> [Exercise] Begin at the line where "lauren-ollie-wedding-invitation-2-s111895-0515.jpg" appears and reproduce exactly every line through the end of the data below, both included, skipping pictures.

> [Collected material]
^^^^^^^^

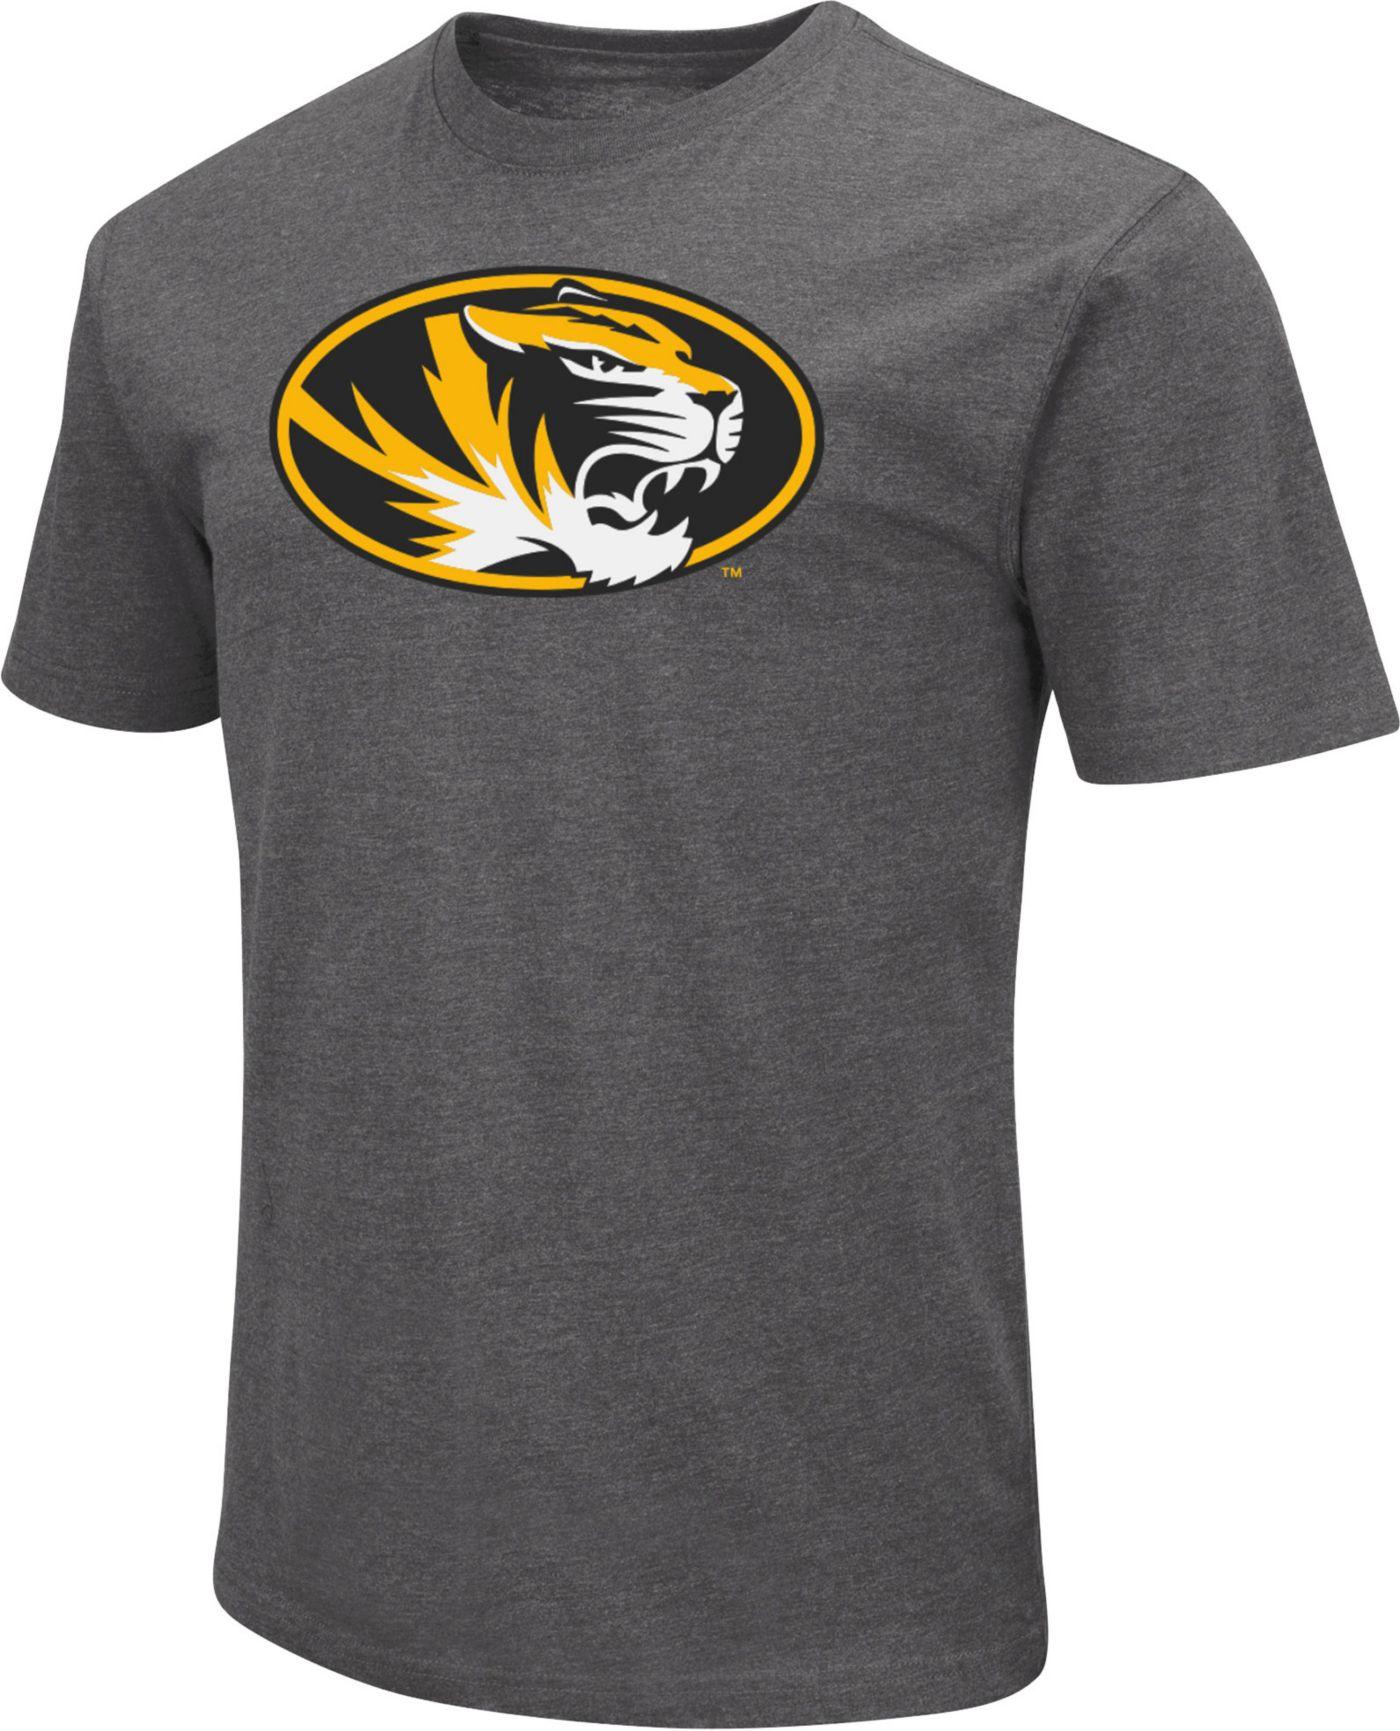 Colosseum Men's Missouri Tigers Grey Dual Blend T-Shirt
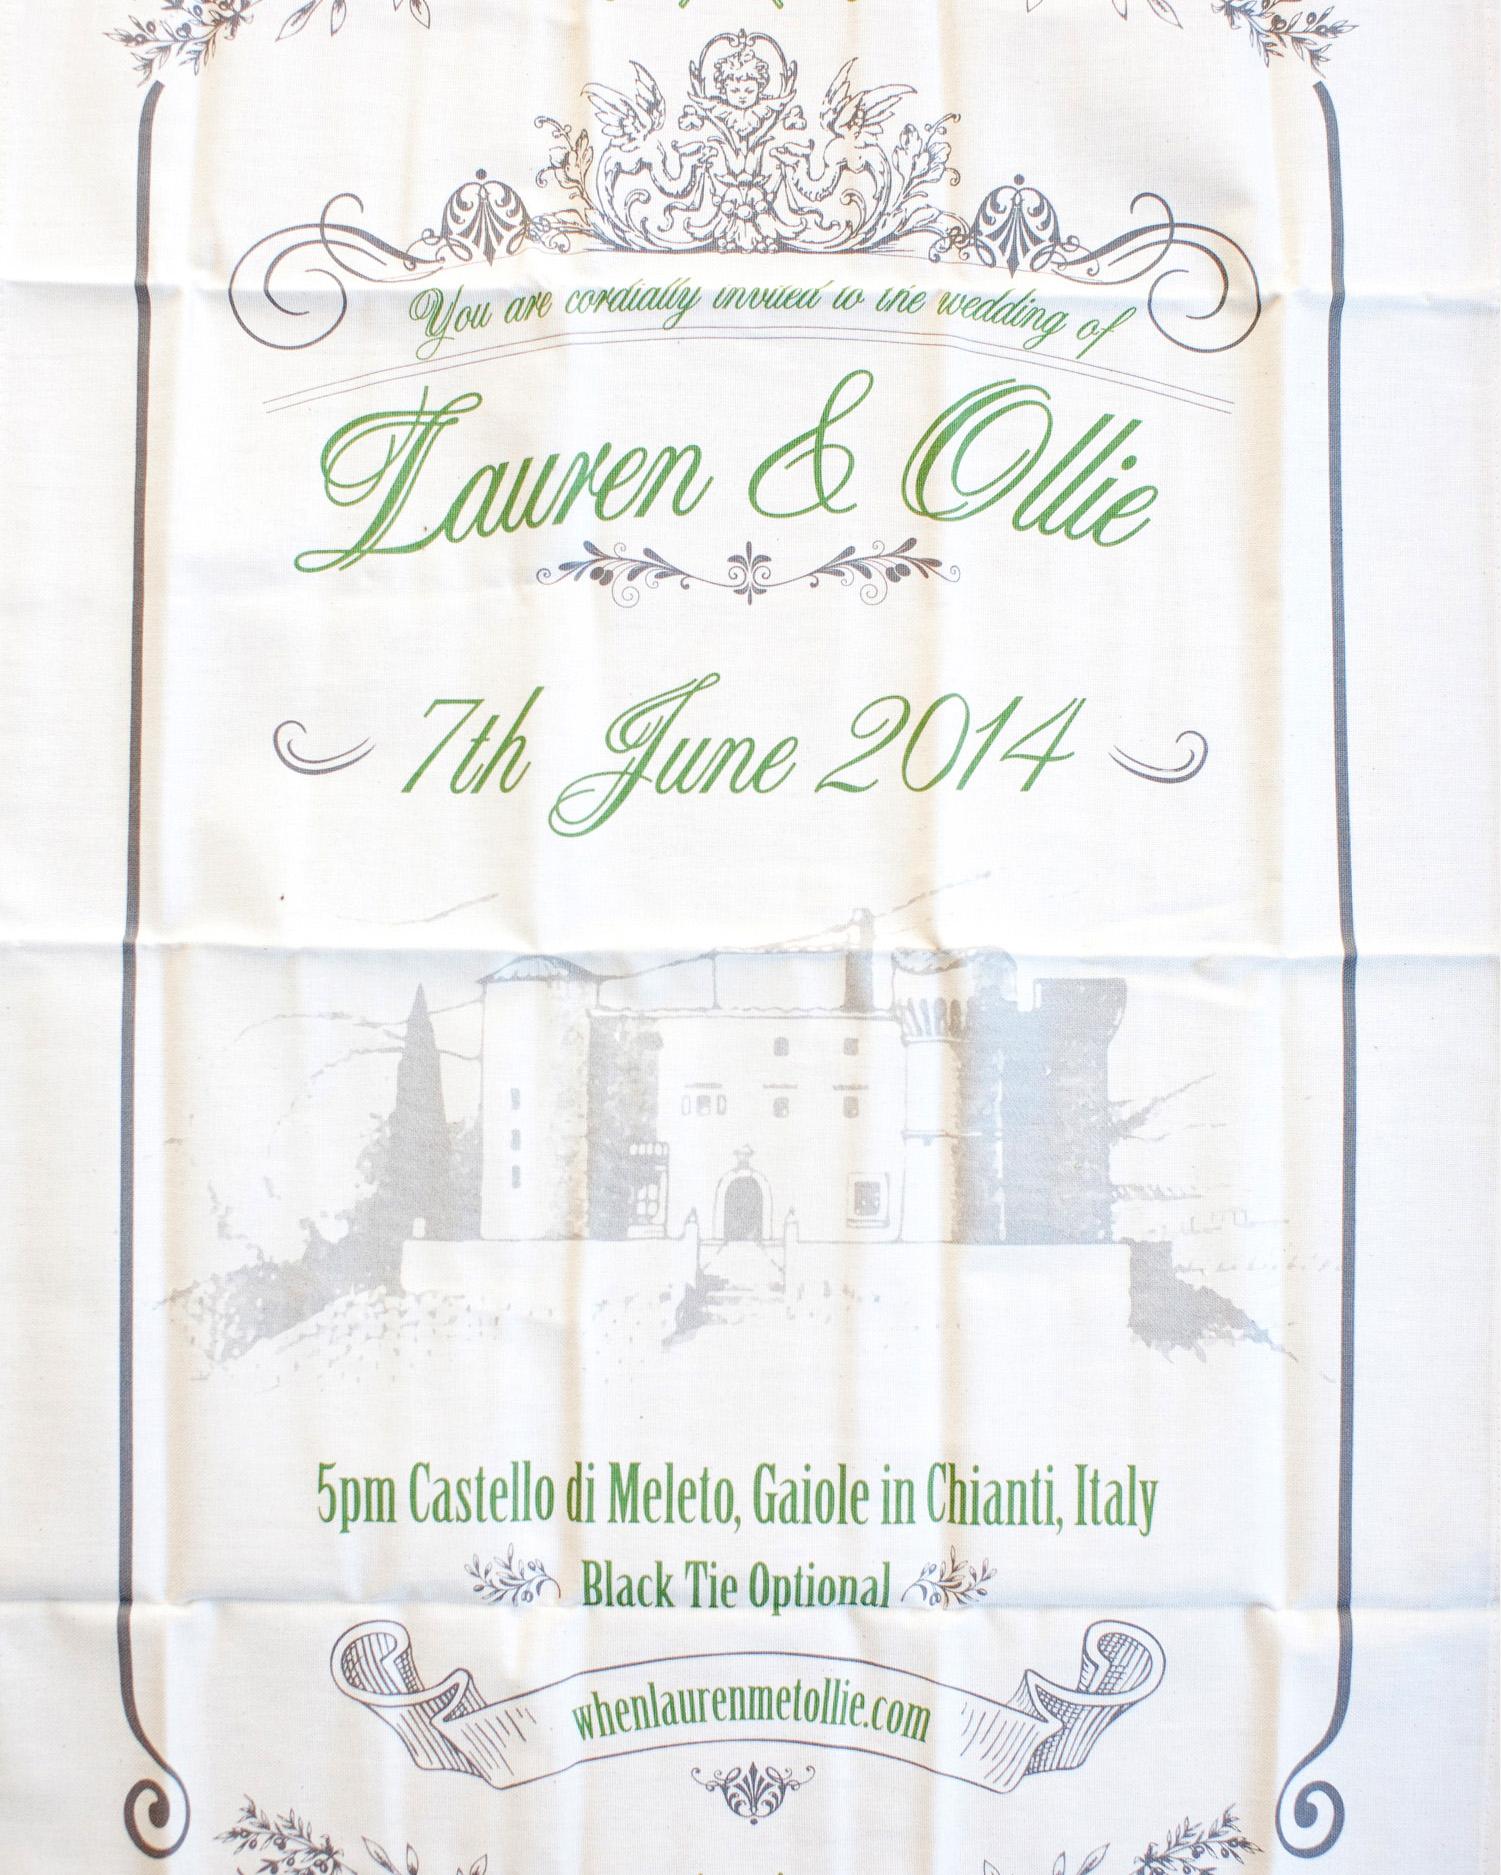 lauren-ollie-wedding-invitation-2-s111895-0515.jpg
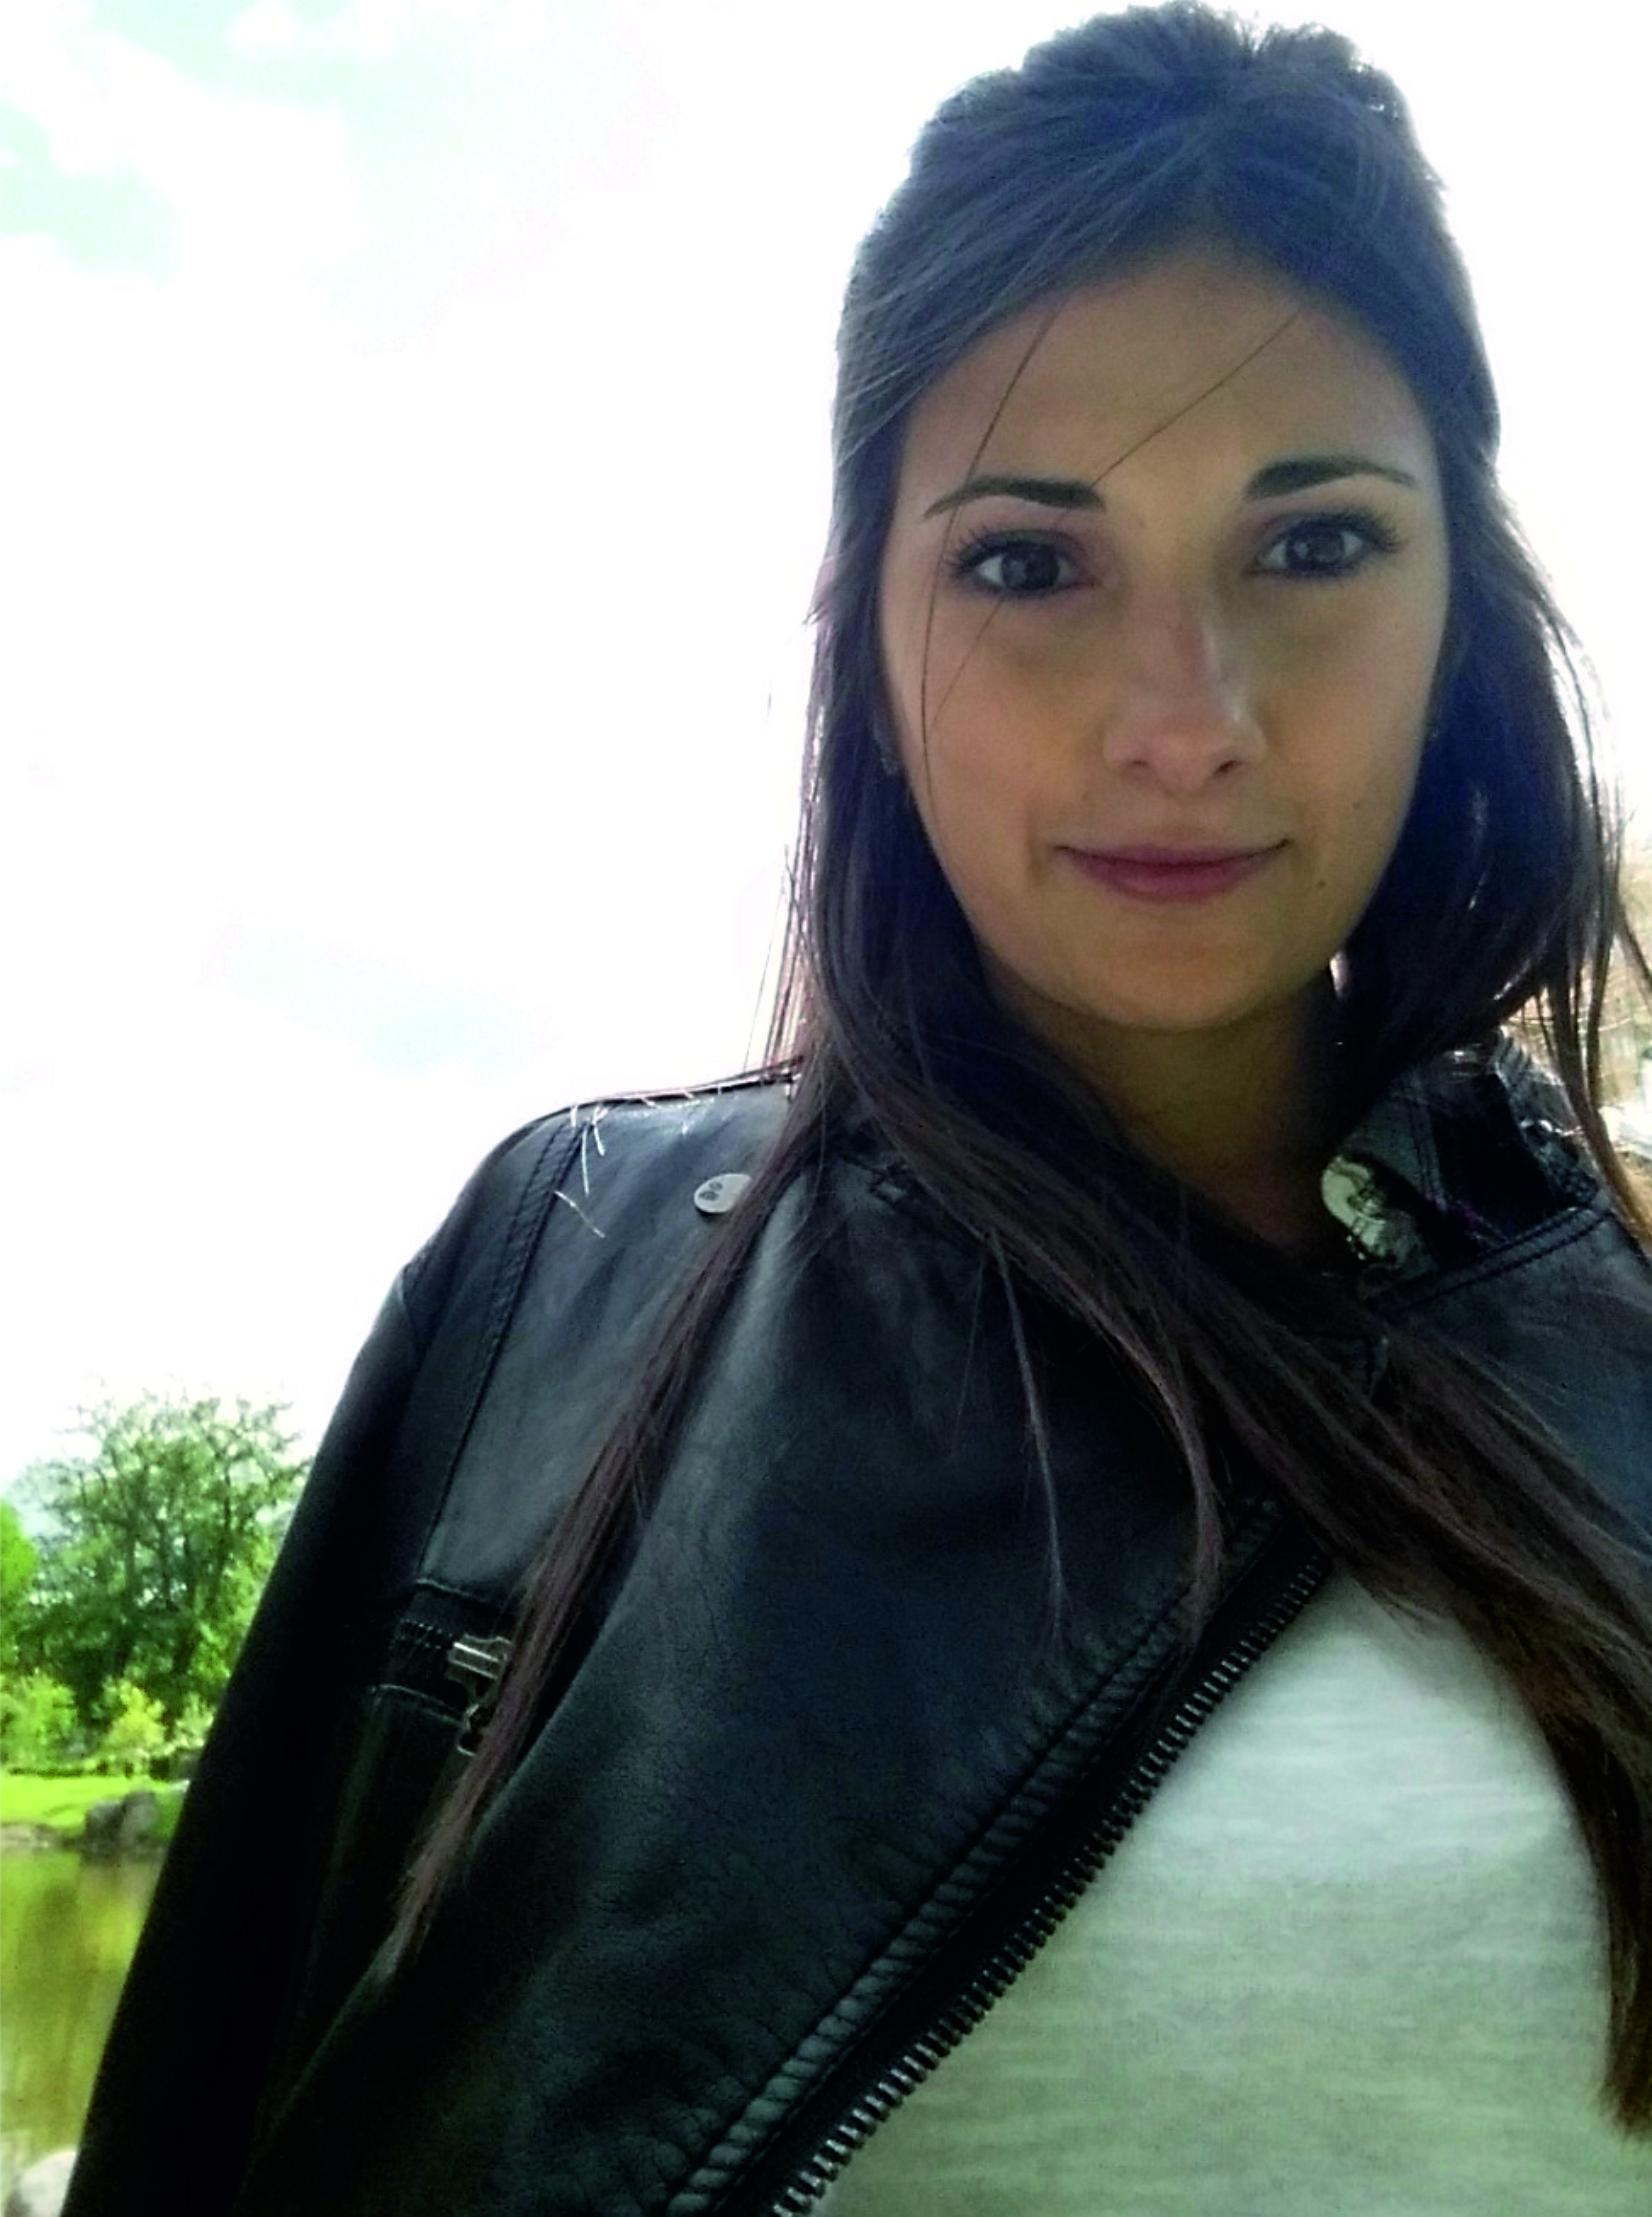 Élita de Caria, fondatrice et créatrice ©Atelier1202

^^^^^^^^

> [Output of the exercise]
 lauren-ollie-wedding-invitation-2-s111895-0515.jpg
 Élita de Caria, fondatrice et créatrice ©Atelier1202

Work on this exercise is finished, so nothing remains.